Day 129 Raufarhofn to Skutustaoagigar, Lake Myvatn.

Last night it was still light at eleven thirty, as the sun just dipped below the horizon. By one thirty it was light again. In a few weeks time, there will be 24 hour daylight up here in Arctic Iceland.

The day started as expected – cold and wet. Howard and I hung around in our guest house for as long as we could to eek out the warmth, watching the Royal Wedding on our phones. We had to leave before the ceremony, but saw the guests arrive, including George Clonney – so I was happy!

We headed south initially, then followed the coastal road, passing through the Jokulsargljufur National Park, where we had intended to stay, had the weather been more favourable. We passed by the horse-shoe shaped canyon, where the campsite was sited. I cannot tell you how desolate it looked this morning in the rain – it held no appeal at all. So we passed straight by and drove around the coast to the pretty fishing town of Husavik. The wind was biting by the time we arrived, and it was even hard to open the van doors. We had a quick look around the harbour, with it’s collection of colourful fishing boats, with the wonderful backdrop of snow-clad mountains on the other side of the inlet. It was everything you would imagine if trying to muster up a vision of an Icelandic harbour in your mind. The cold drove us into a small cafe, that as well as serving hot drinks, was also doubling up as selling whale watching tours. He had read that Husavik is the main hub for whale watching in Iceland, but didn’t think for one minute that they would be running tours today. How wrong we were – some poor souls were buying their tickets, along with their sea-sickness tablets – more fool them. After they left, and we watched the boat chug out of the harbour, I spoke briefly to the woman selling the tickets. She said it was mainly Humpbacks and Minke Whales that they were spotting most days, but that in June and July, the enormous Blue Whales come into the area. I’m still wondering how they got on out on the water today – it certainly didn’t appeal to either of us.

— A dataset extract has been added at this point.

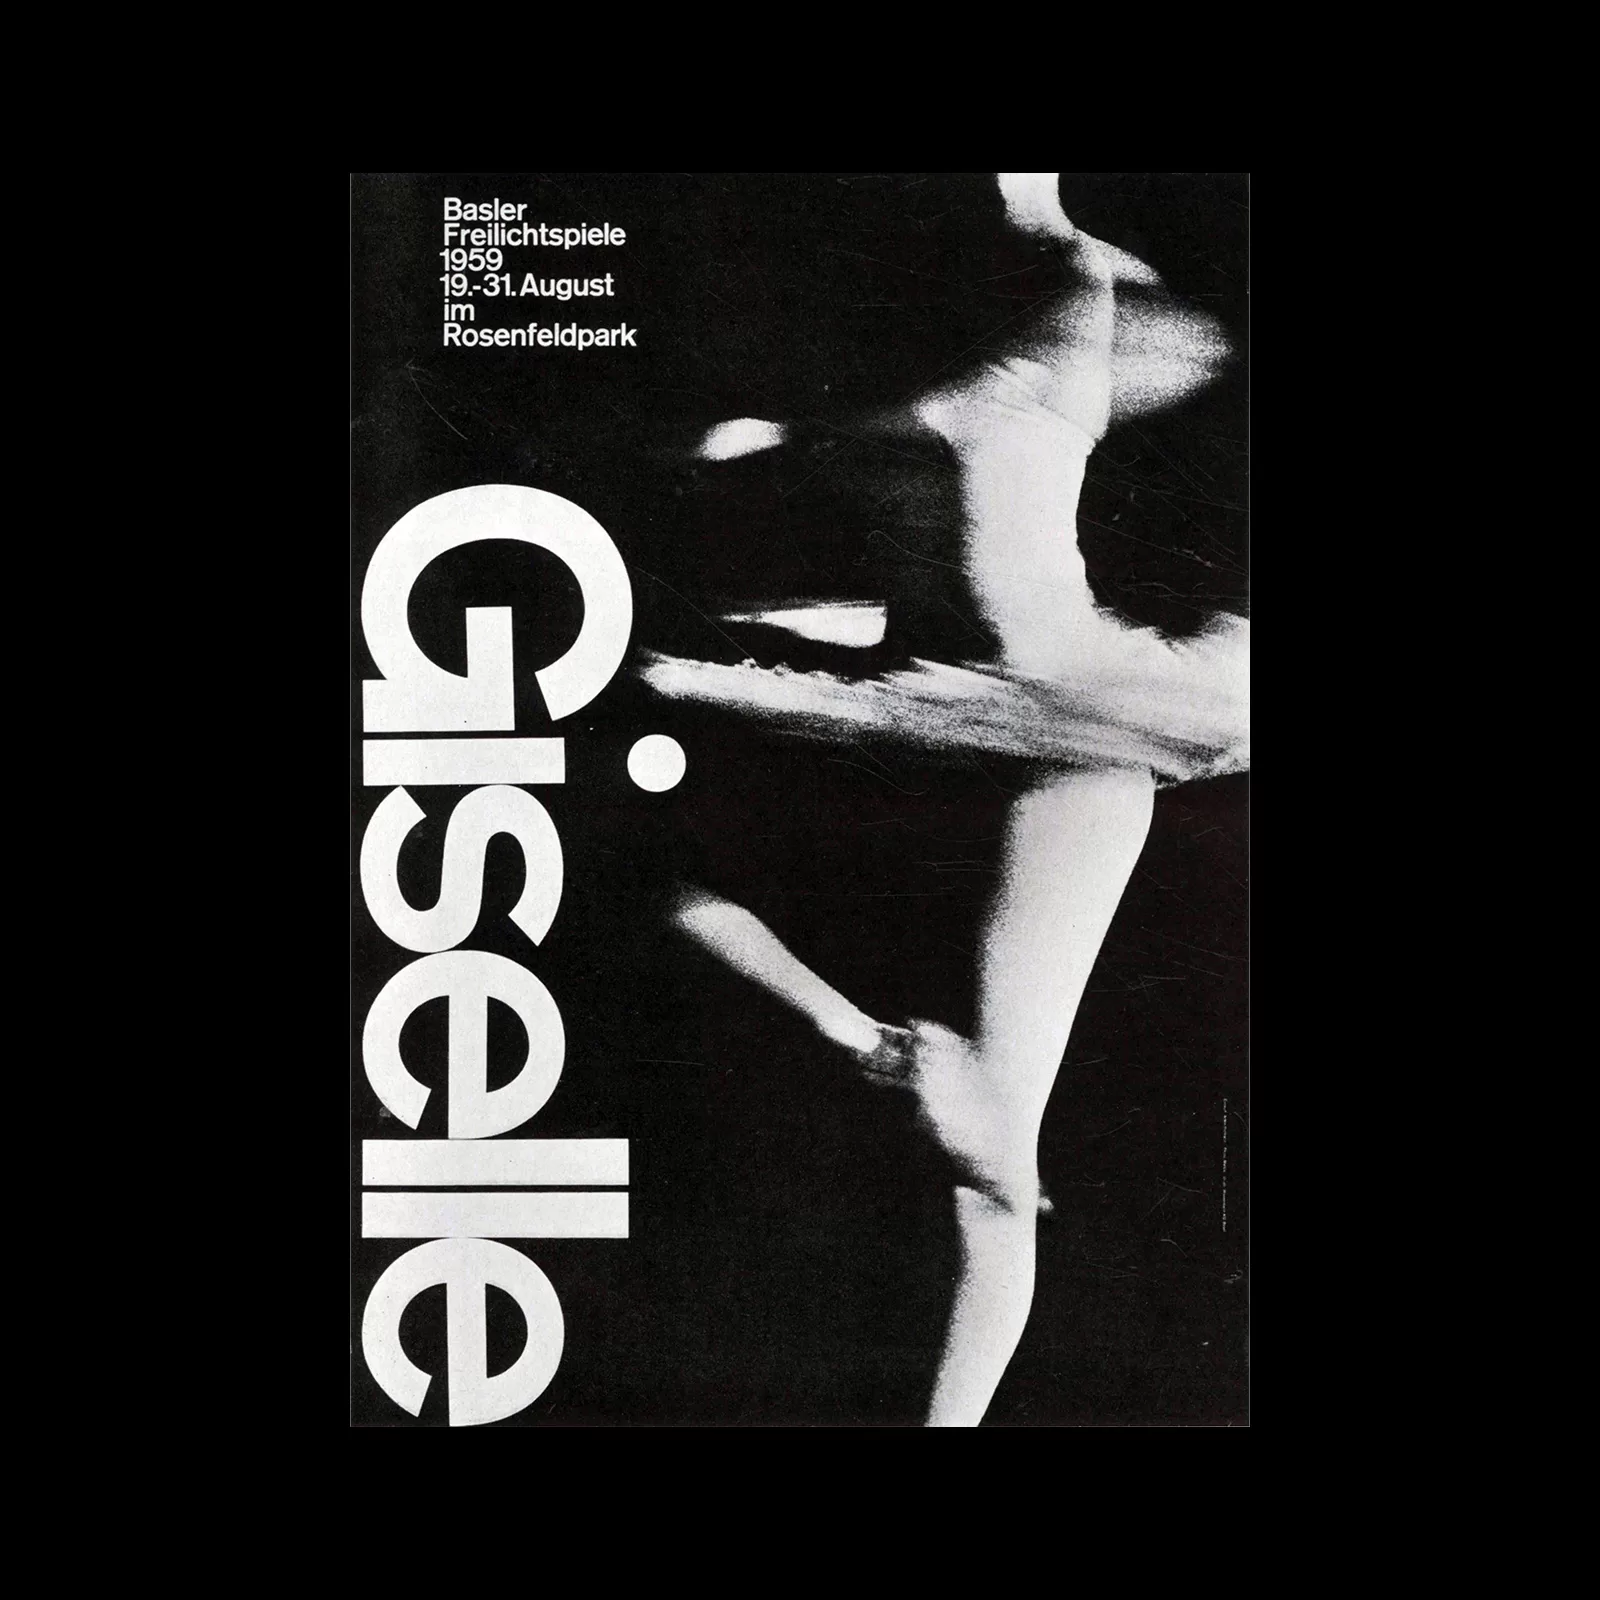 Armin Hofmann, Giselle ballet, Basler Freilichtspiele poster, 1959, Scanned from Gebrauchsgraphik, 4, 1962

Next we headed on to Lake Myvatn. The translation for Myvatn in Icelandic is midge – and in the summer months this place is swarming with the little blighters. Fortunately for us though, they are unable to fly in high winds, so thankfully we were spared the ordeal.

The scenery around the lake is extraordinary. It is like a carpet of volcanic lava, creased up into folds, with volcanic mountains forming the backdrop. We first drove to the south of the lake, where we had booked to stay in a farmhouse guesthouse for the night, in view of the awful weather. Having identified where it was, we continued on around the lake. Lake Myvatn is renowned for it’s bird life, and many areas are set aside as nature reserves. In other parts, you can witness the peculiar formations made by the lava. In one area where we stopped there were collections of crumpled and contorted lava towers, forming a very lunar appearance. There was a small restaurant, closed to the public today due to a private party, but behind it were restrooms. Needing a pee, I asked Howard for the change required – it turns out they charge a whopping £1.40 to use the toilet – it was definitely the most expensive pee I’ve ever had!

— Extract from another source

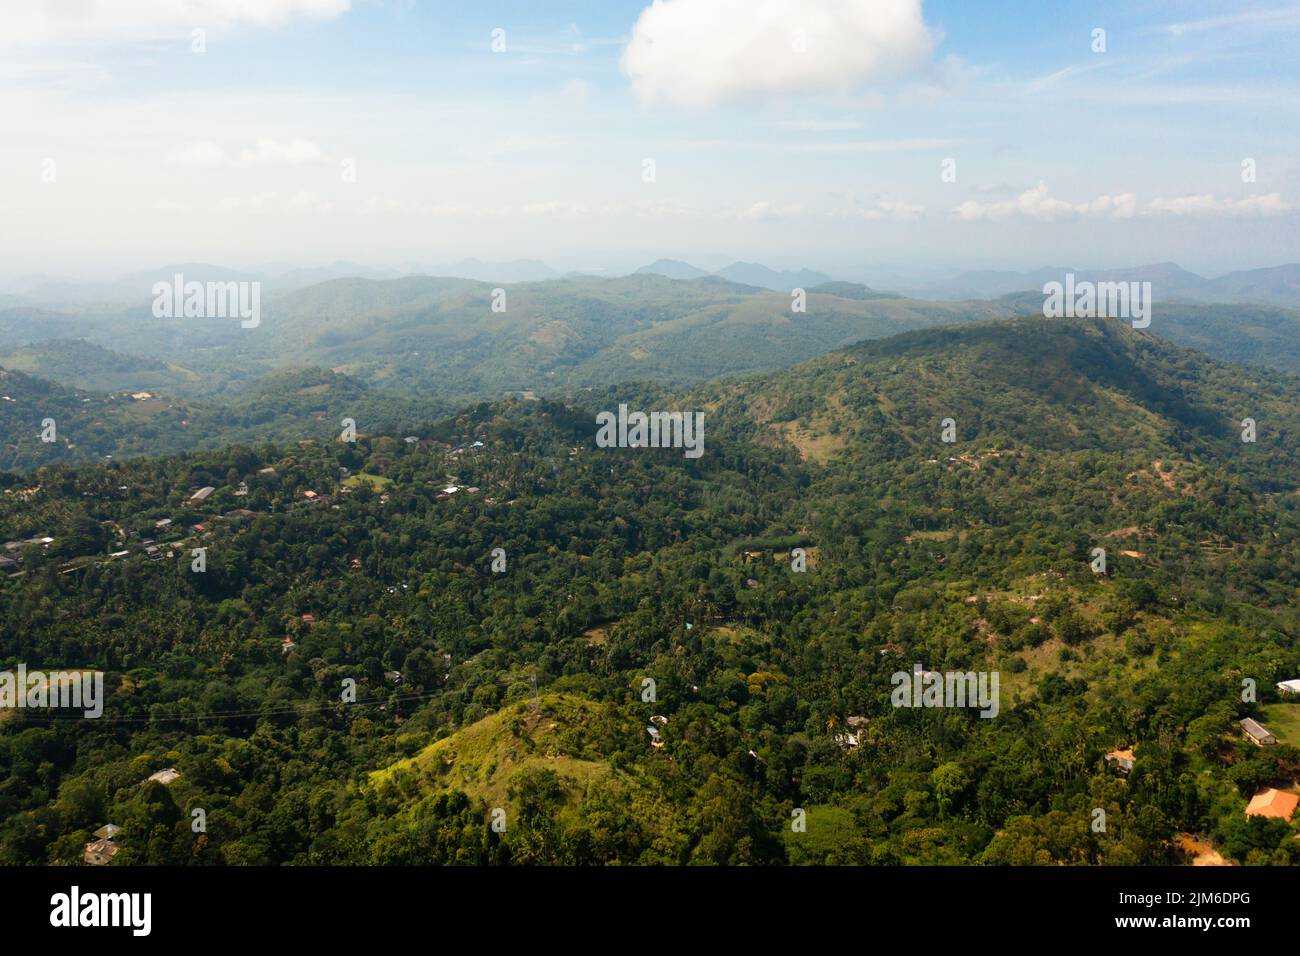 Cime di montagna coperte di foresta. Pendii di montagna con vegetazione sempreverde. Sri Lanka. Foto Stock

We continued on around the lake, and came to an extraordinary field of solfataras – sulphur smelling blue-grey bubbling mud pools, with steam belching out of small geysers and fumeroles. Around the pools minerals had crystallised to form yellow /ochre patches on the edge of the mud. It was a spectacular sight, and we spent some time wondering around the laid out paths.

By now, time was getting on, so we re-traced our steps to the guesthouse, and grabbed some supper. Immediately opposite where we are staying is a large pond completely encircled with a series of pseudo-craters, formed by steam explosions when burning magma encounters lakes or wetlands, which abuts into the main lake. After supper, it had brightened up a bit, so we had a wander through these odd cone shaped grassy mounds. Although by now the sun was out, the wind, if anything, was stronger than ever – and at times, it was hard even to stand upright. 

It has been a tiring day battling with the wind and cold, and as I type, Howard has nodded off. This, of course, may be because I am multi-tasking, and watching the wedding highlights – maybe he isn’t quite as interested as I am! 

Hopefully tomorrow the wind chill won’t be quite so bracing – but at least the midges aren’t out. Our midge cagoules will have to wait for another day!